--- START ---

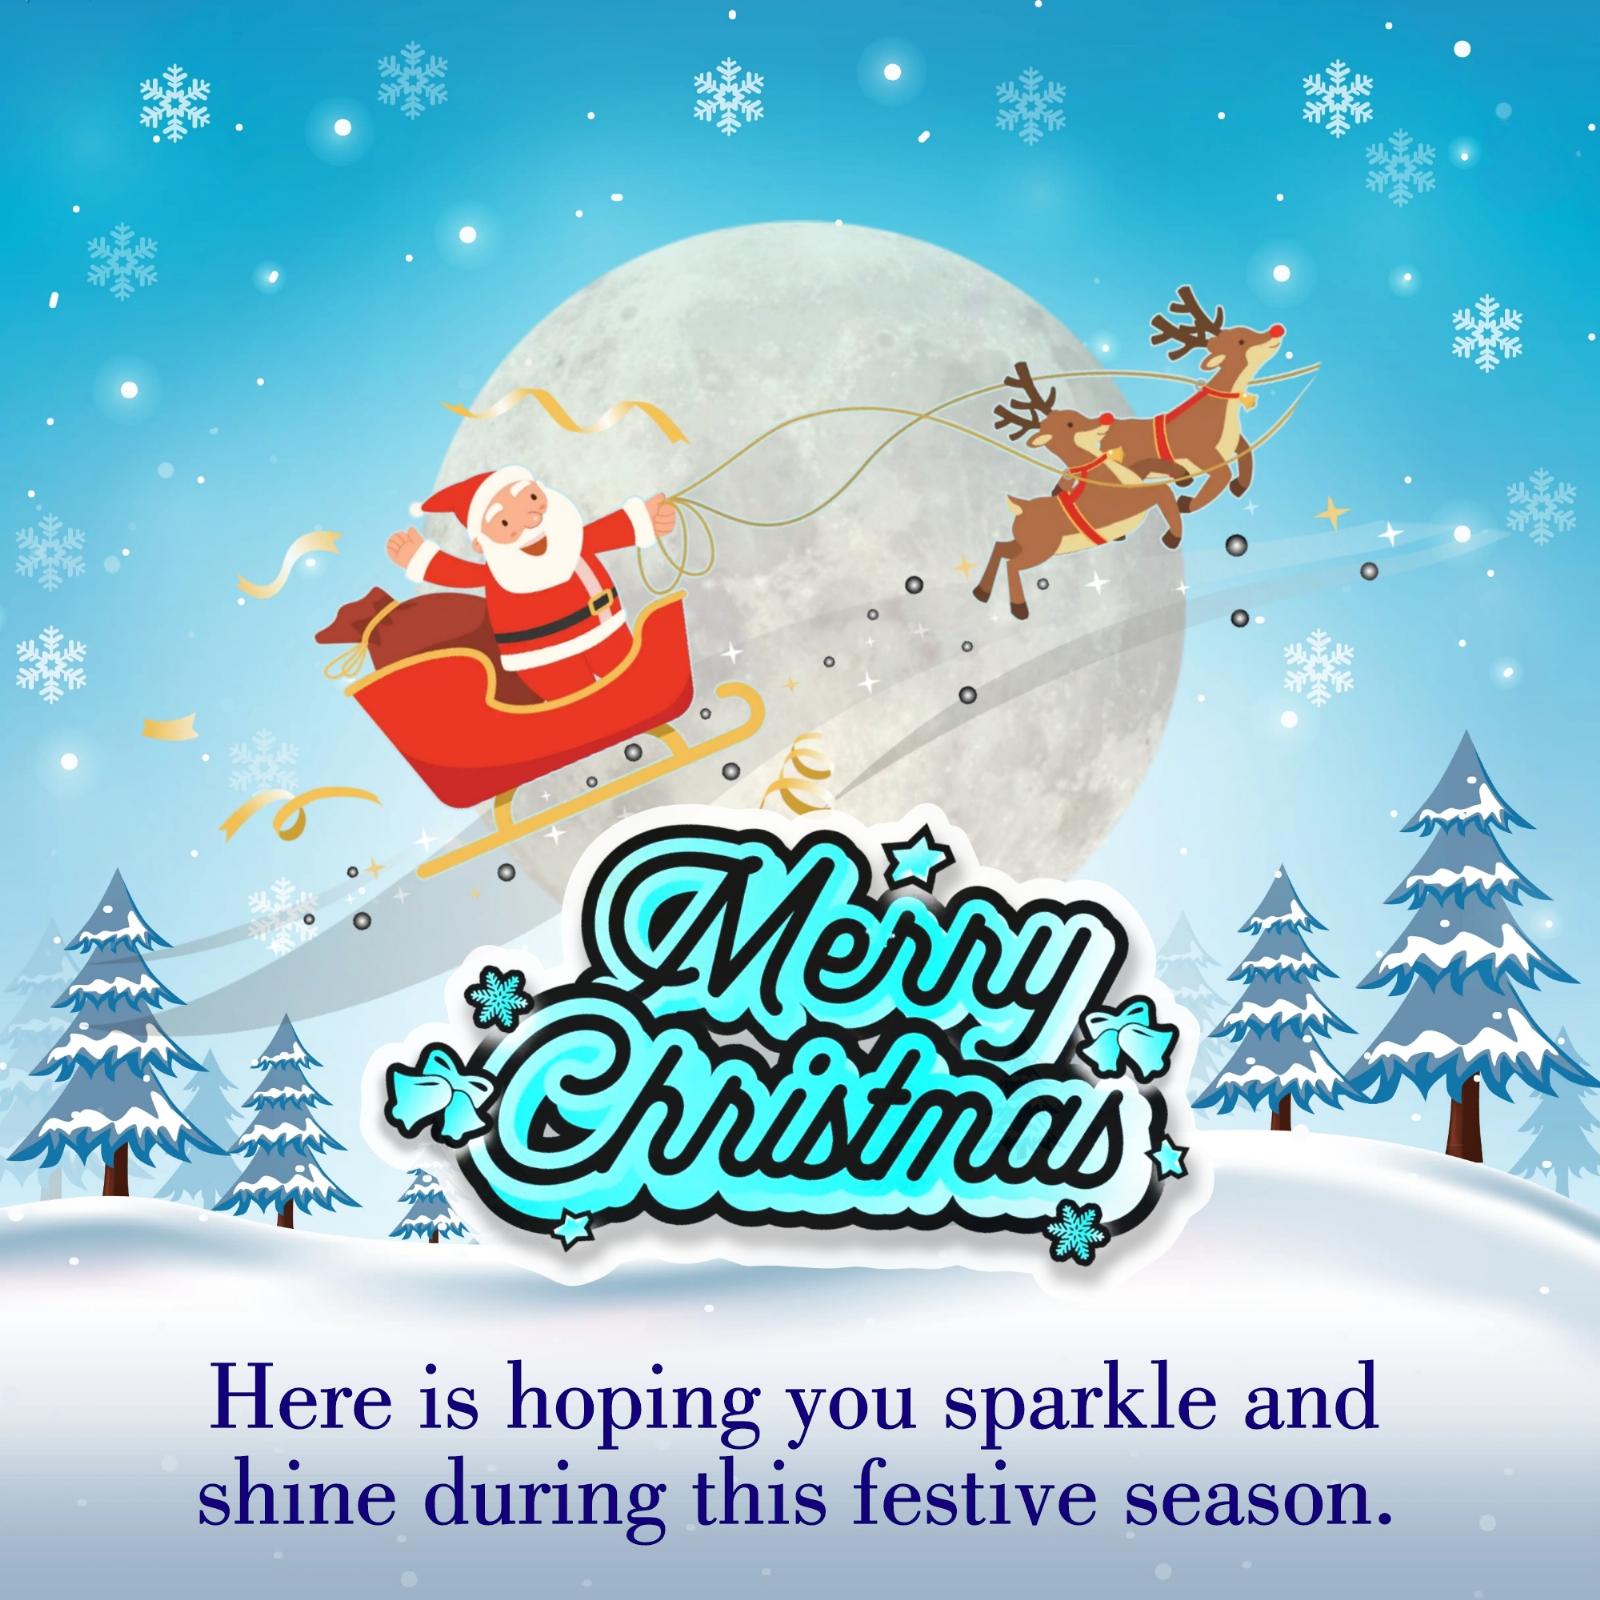 Here is hoping you sparkle and shine during this festive season
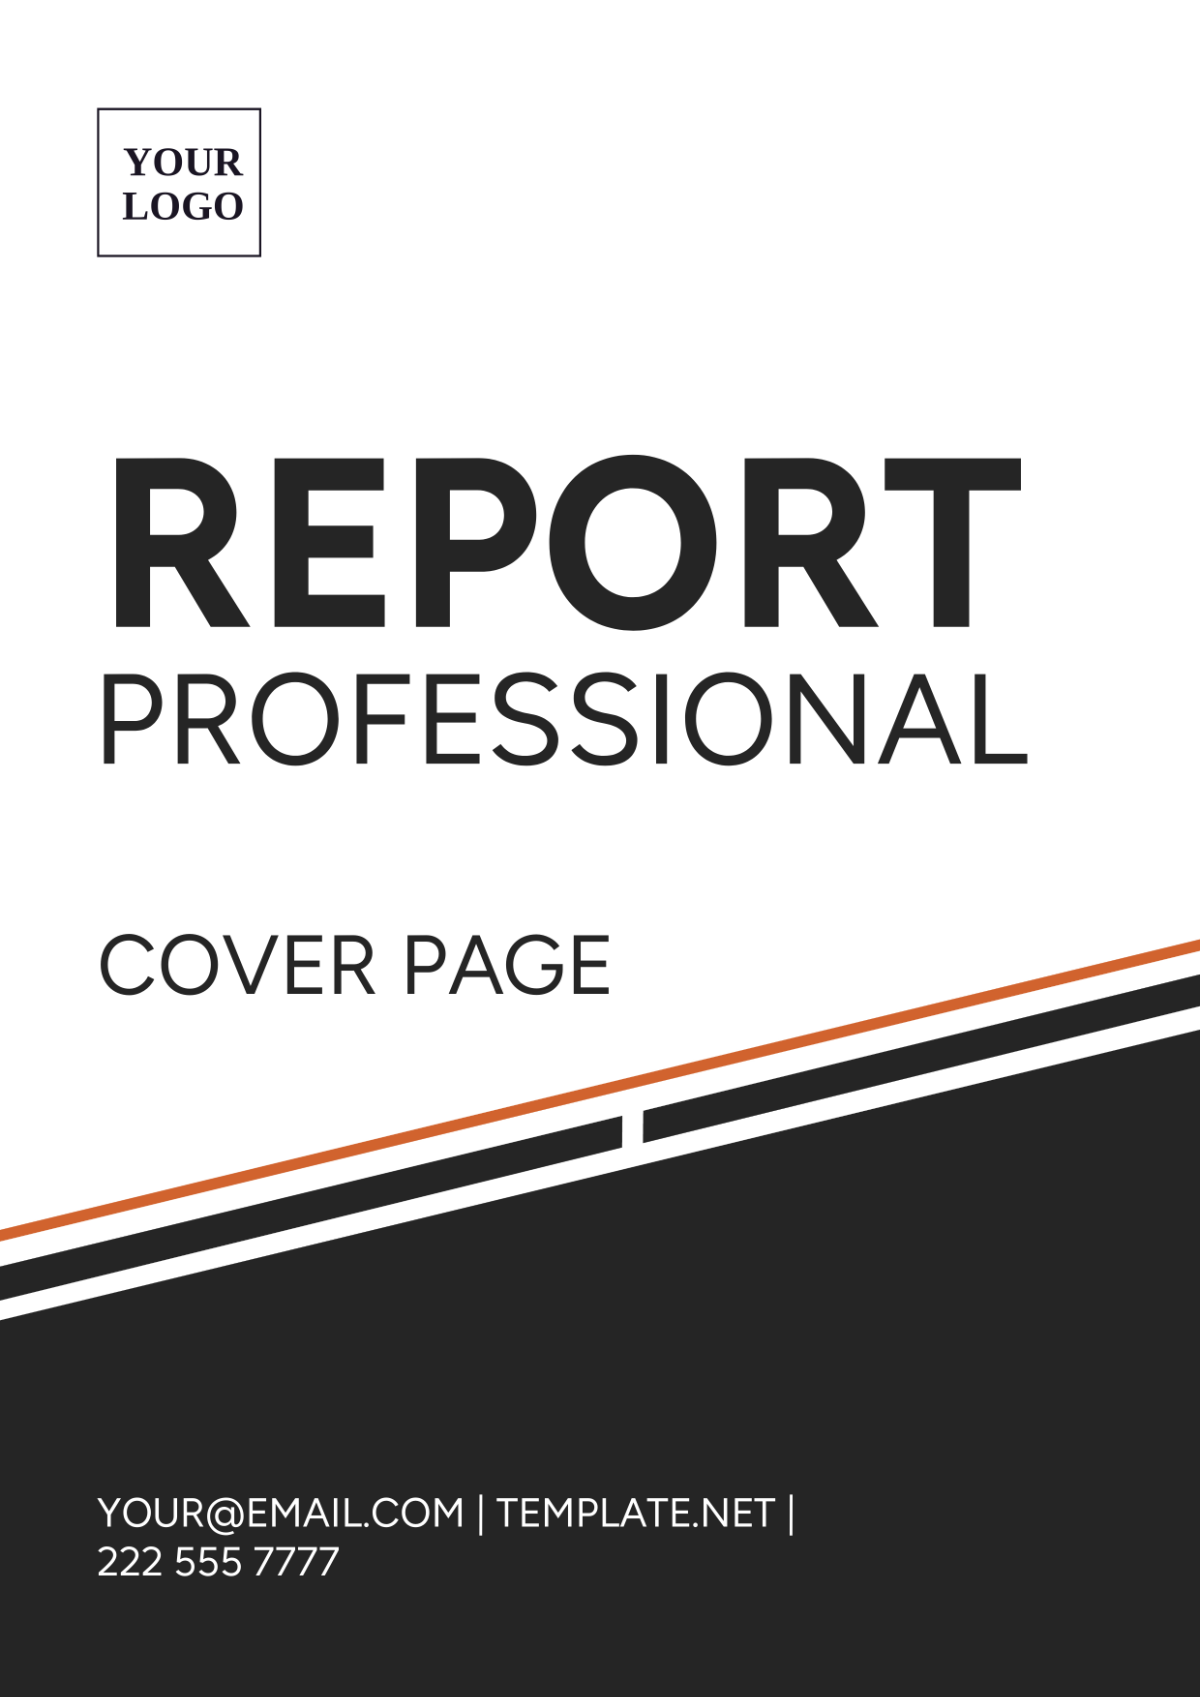 Report Professional Cover Page Template
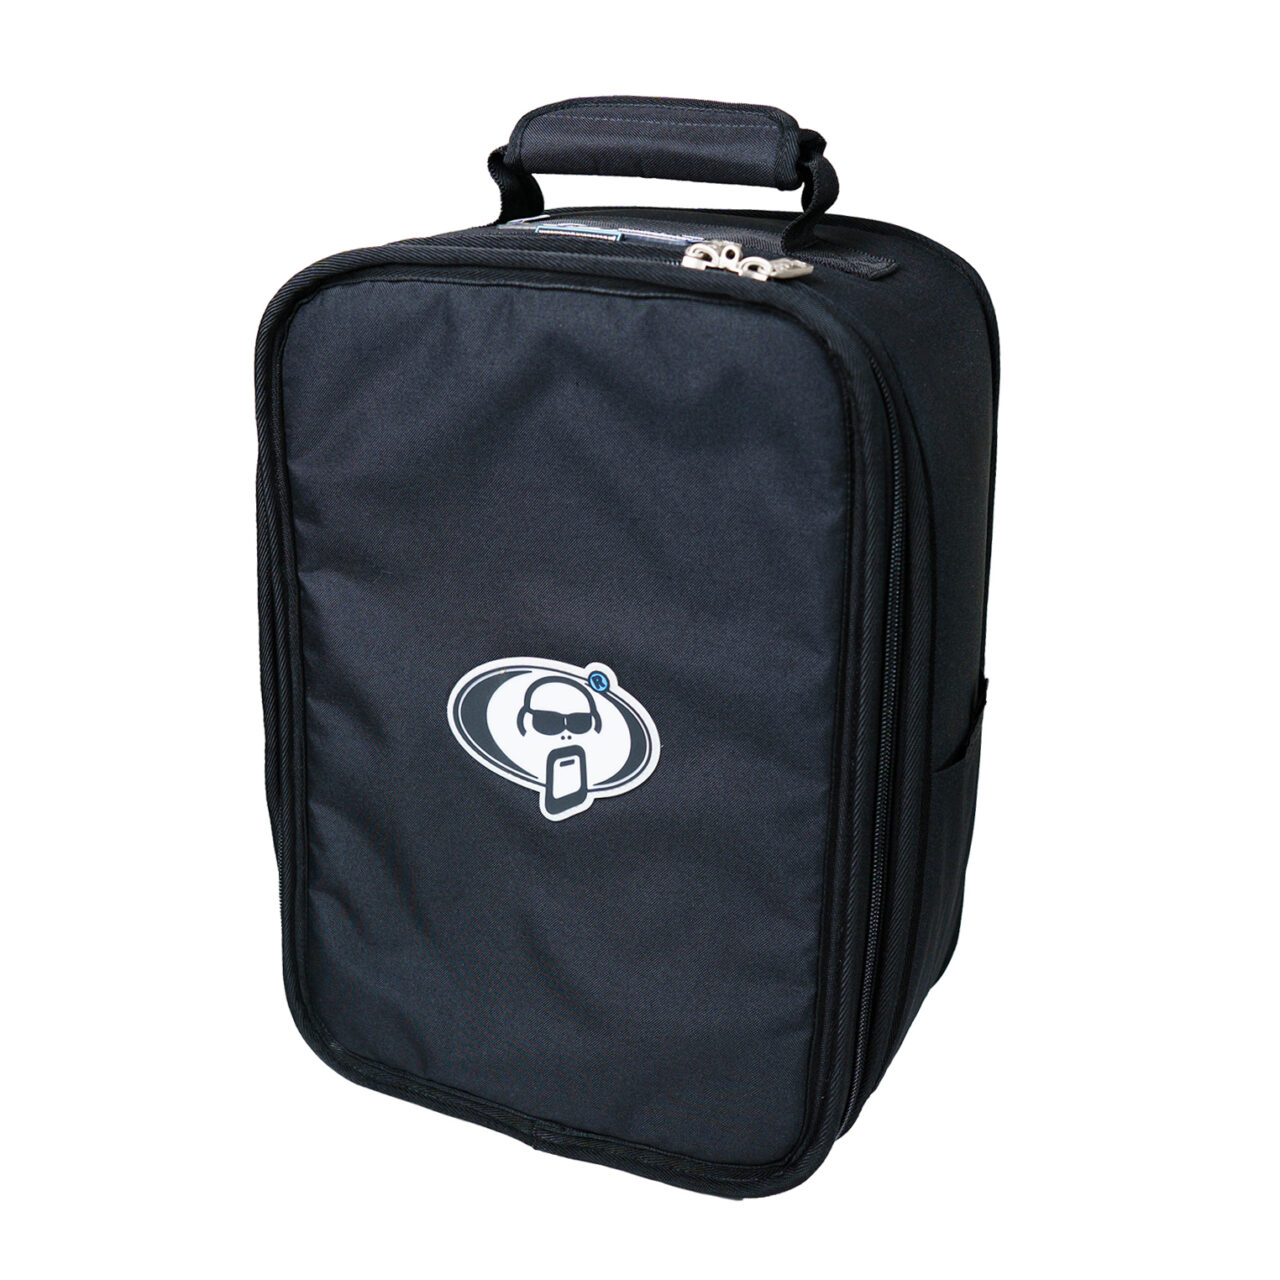 PROTECTION racket 9280-47
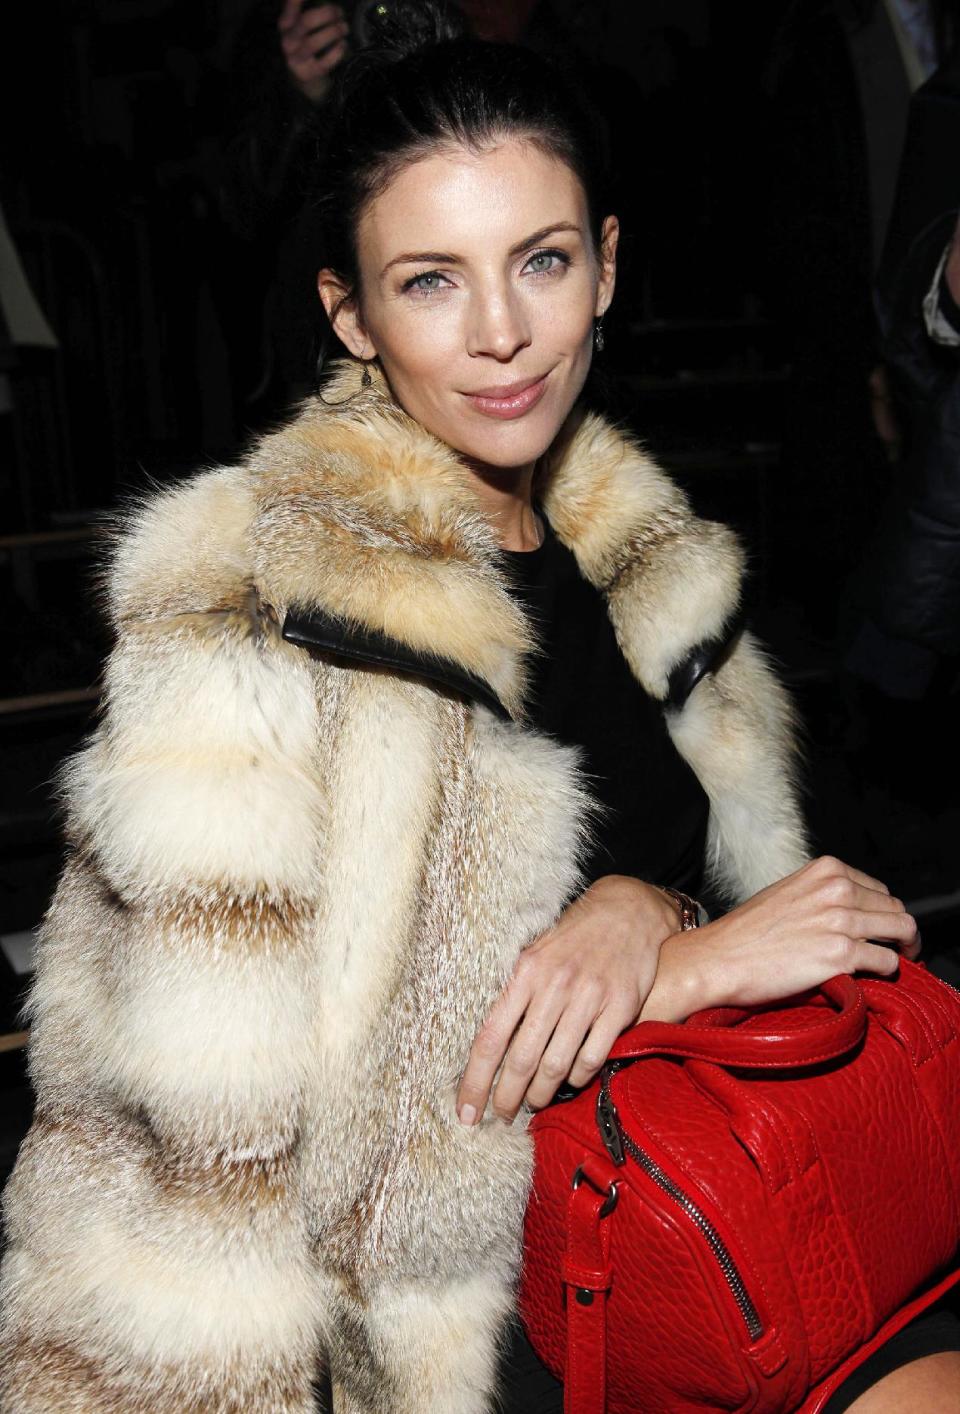 Liberty Ross is seen at the Fall 2013 Alexander Wang Runway Show, on Saturday, Feb. 9, 2013 in New York. Ross says she's lying low in the wake of her very public split from husband, director Rupert Sanders. Ross filed for divorce in January, five months after news broke that Sanders had an affair with Kristen Stewart. Sanders directed both Stewart and Ross in "Snow White and the Huntsman." Ross also walked the runway for the Alexander Wang Spring 2013 collection on Sept. 8, 2012. (Photo by Amy Sussman/Invision/AP)
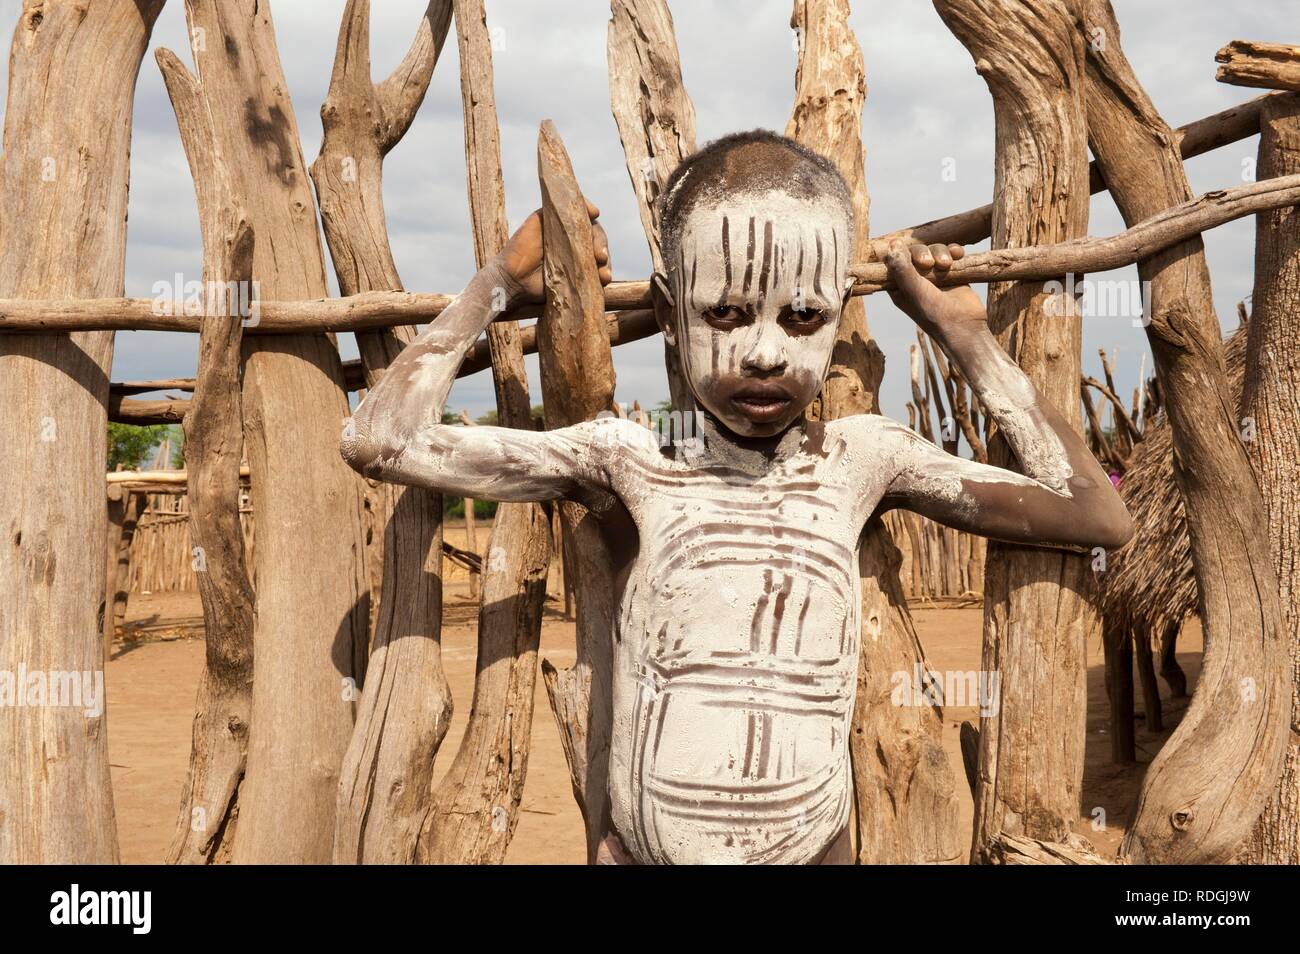 Karo boy with facial and body paintings, Omo river valley, Southern Ethiopia, Africa Stock Photo

--- END ---

**REQUIREMENT**
Pictures stay out. Transcribe the lines from the start of the entries above through the line with "PROTECTION racket 9280-47", exactly.

**WRITTEN REPLY**
 Here is hoping you sparkle and shine during this festive season
 Report Professional Cover Page Template
 PROTECTION racket 9280-47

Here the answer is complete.